Warmer and Wetter

My new year began with snow. Thirty-three inches of it, the biggest snowstorm in 120 years of recorded weather history in Burlington. It began Saturday morning and didn’t stop until Monday morning. I shoveled and napped, shoveled and napped. We were supposed to attend a holiday party Saturday night; instead we gathered at the neighbors across the street.

Adrienne and I have lived in Vermont for 12 years, or for one-tenth of the recorded history of weather. The newspaper published a list of the 20 largest snowstorms in Burlington history. It’s reasonable to assume we have witnessed 10 percent of those storms, but that assumption would be incorrect. According to the National Weather Service, I have witnessed 65 percent – or seven – of Burlington’s 20 worst snowstorms.

What gives? Global warming. It’s counterintuitive to think of snowstorms and global warming in the same sentence, but the long-term forecast for this part of the world is warmer and wetter.

In Vermont’s traditional weather pattern (and by “traditional,” I mean the way things used to be), the six weeks from New Year’s Eve until St. Valentine’s Day were the window for sub-zero temperatures. “As the days lengthen, the cold strengthens,” was the post-solstice proverb, according to David Ludlum in The Vermont Weather Book, published in 1985. (I keep a copy on my bookshelf, for sentimental reasons.)

When we first moved here, I remember the temperature plummeting between Christmas and New Years and no one wanting to stand outside and watch the midnight fireworks.

This year, all through our record storm, the thermometer hovered between 15 and 30 degrees. Mercifully, it stayed closer to 20 than 30, which meant the prodigious amounts of snow I was manually shifting were light powder instead of heavy cake.

None of which is to say that it can’t be 20 or 30 in Vermont in January or that it still won’t be below zero for some or all of the next five weeks (or even beyond). No single storm or season should convince us of anything, but snow rarely falls in sub-zero weather. For one thing, the lack of clouds contributes to the piercing cold.

When I opened the paper to see that I’ve been here for 65 percent of Burlington’s worst winter storms, it doesn’t prove anything, but it does seem to be an indication that things are changing and quickly.

I did a quick search of these commentaries (because I can’t remember what I write from month to month).
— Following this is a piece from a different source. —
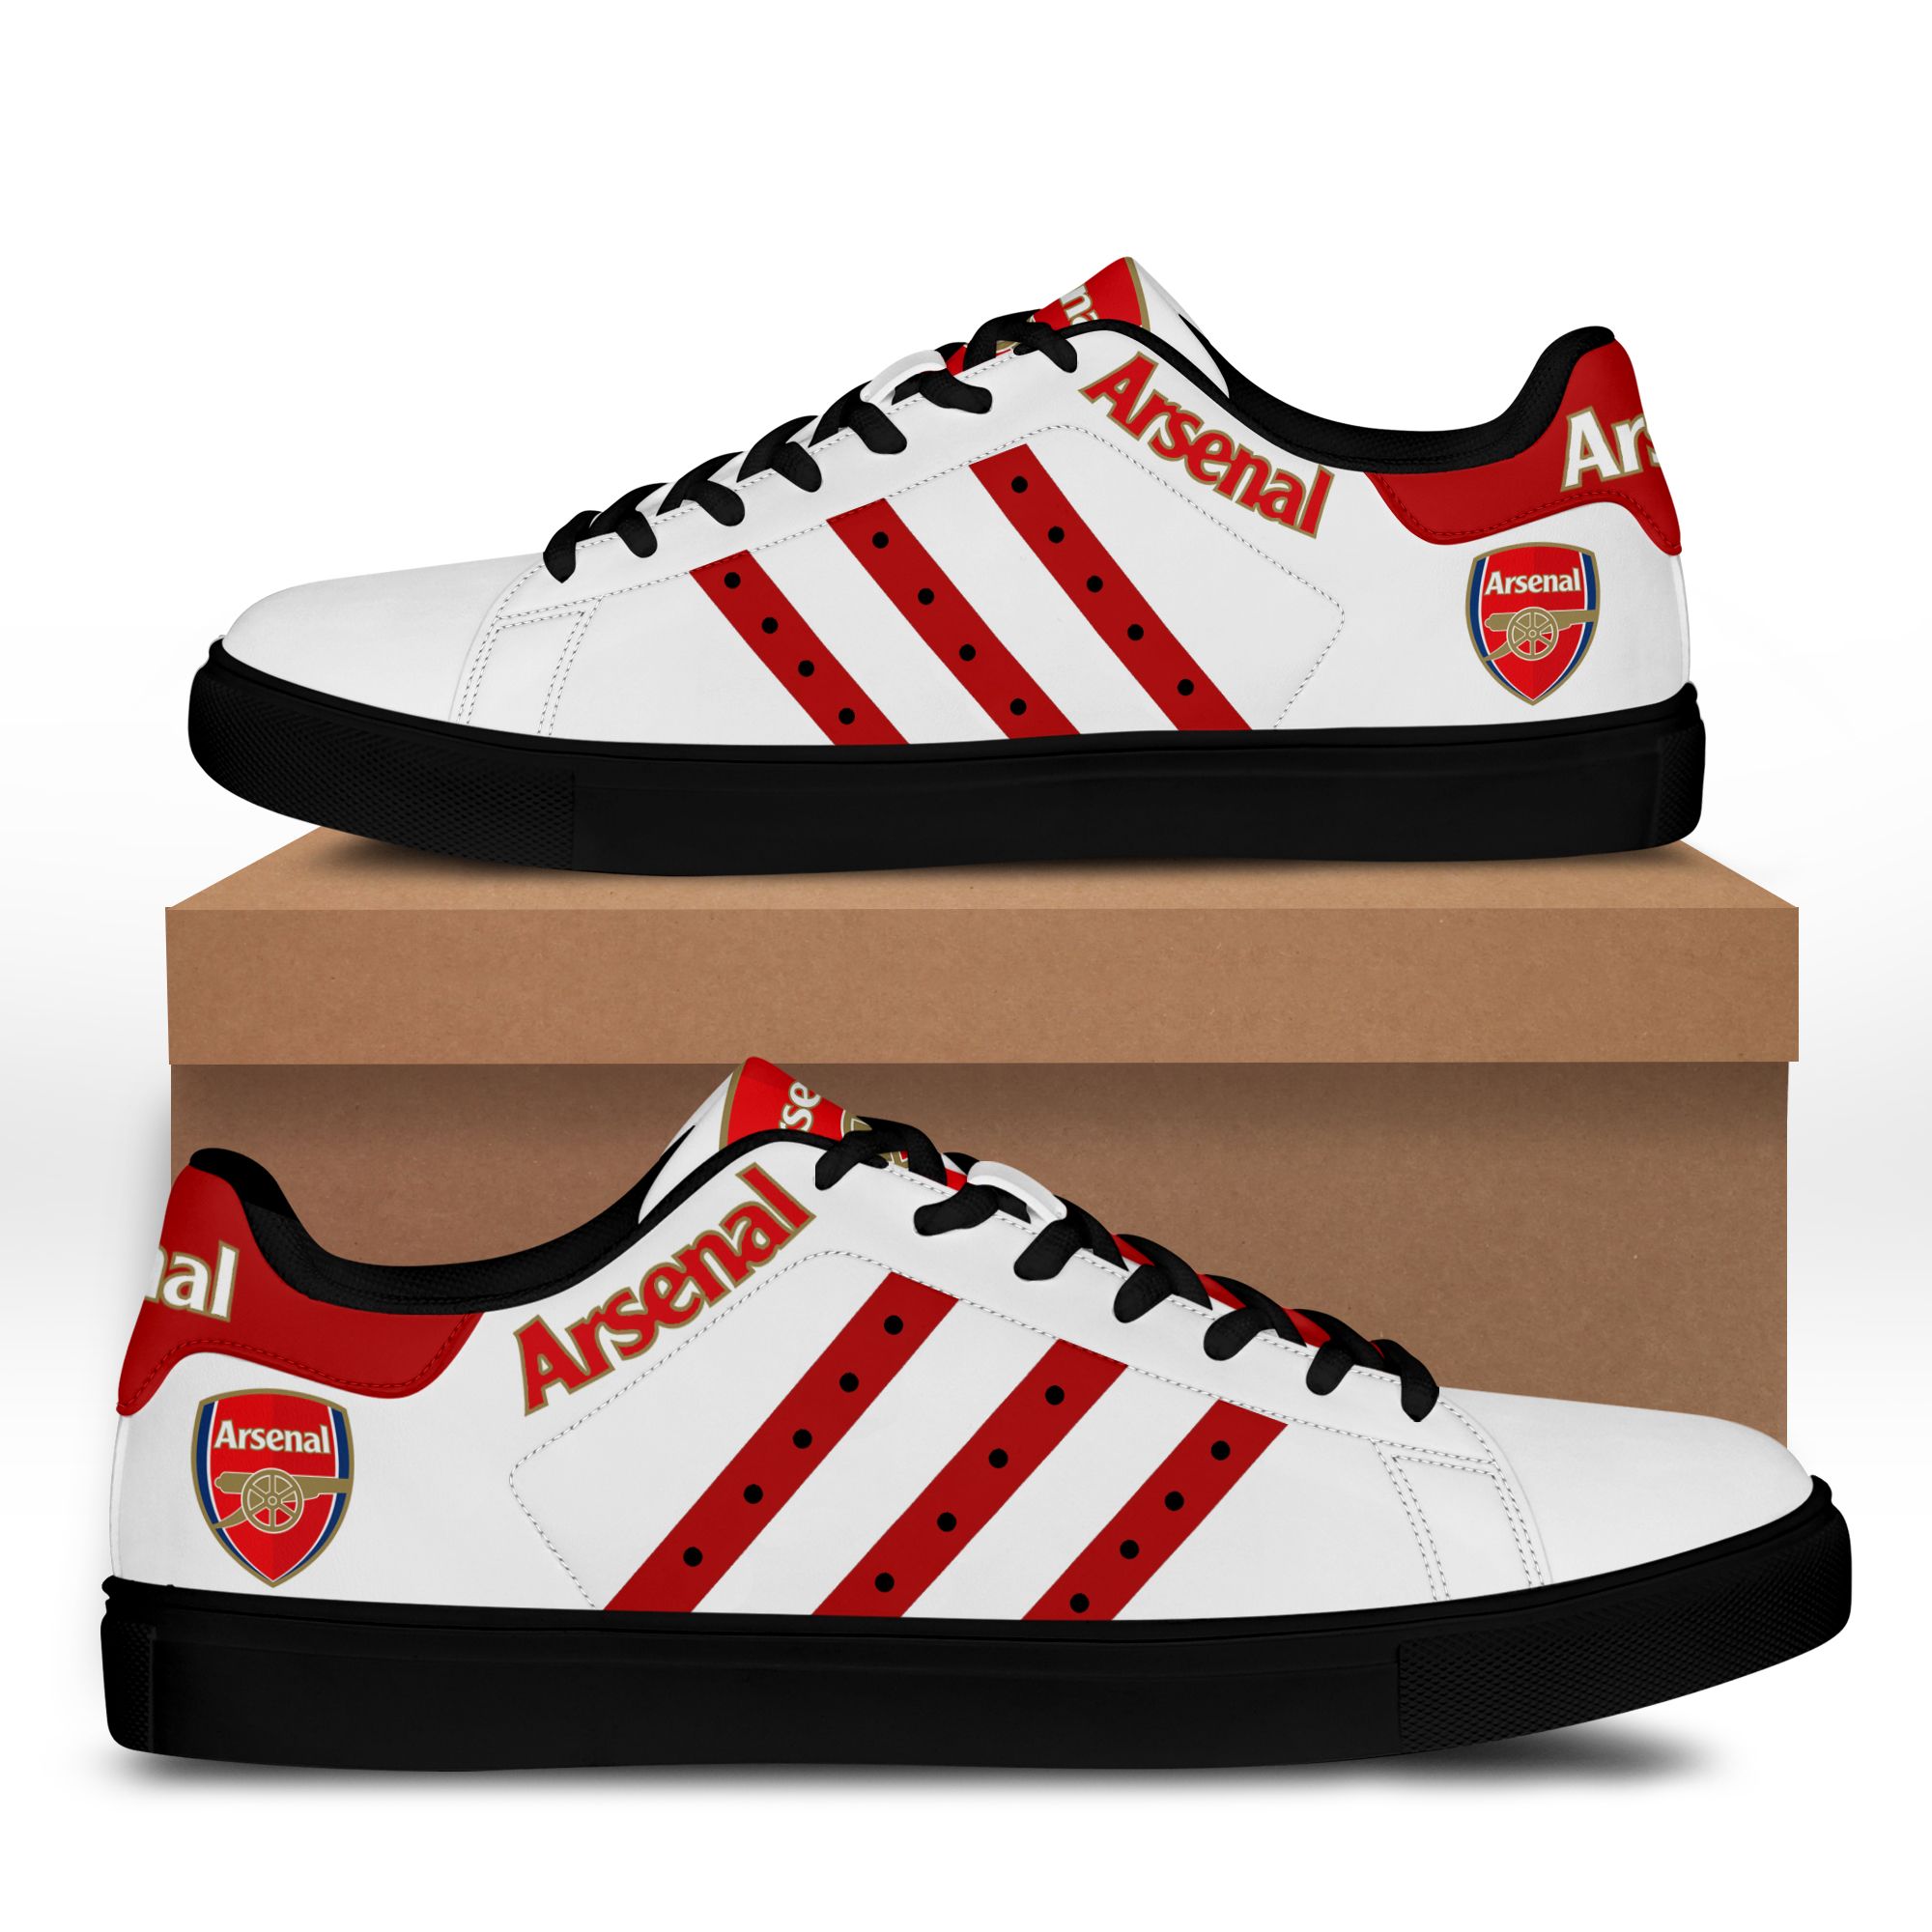 Arsenal stan smith low top shoes 1.1

The last time I used the term “warmer and wetter” was in July of last year. Spring and early summer had been all but washed out. It stayed that way through the end of July. August was the only bit of summer we got last year. “Global warming – hogwash!” some of my neighbors scoffed, just as they did last week, up to their hips in snow.

You’re free to believe or not believe, act or remain inert, as you see fit. I once heard a woman say to a Buddhist, “I don’t believe in reincarnation.” He answered, “Reincarnation either exists or it doesn’t, what you and I believe has nothing to do with it.”

Same goes for global warming, with an important exception. Unlike reincarnation (which may or may not exist), if global warming exists (and I believe it does), it is we who have brought it into existence and it is we who will determine its severity. Some scientists doubt the existence of global warming. Some scientists doubt the existence of evolution. The proportion of doubting scientists in each case in is infinitesimally small.

For now, I will enjoy the snow and the winter. I am a child of the north and having spent a decade of my life away, I have an appreciation of it, especially the profound silence of the two-day blizzard. I promise myself to wear winter like a cloak and savor it as it passes away.

© Mark Floegel, 2010

One Comment

  1. margaret lyons
    Posted 1/11/2010 at 11:40 am | Permalink

    After receiving your note back I decided to check out what you have written lately. Ironically your 01-0-710 column is about weather which I had brought up in the quick email to you and your mom.
    I have “signed up” to receive your column via email. I probably will not always agree with you but I am sure you are OK with that. Carolyn, my almost 21 year old, does not like that I listen to Bob Lonsberry on the radio here. I don’t always agree with him either.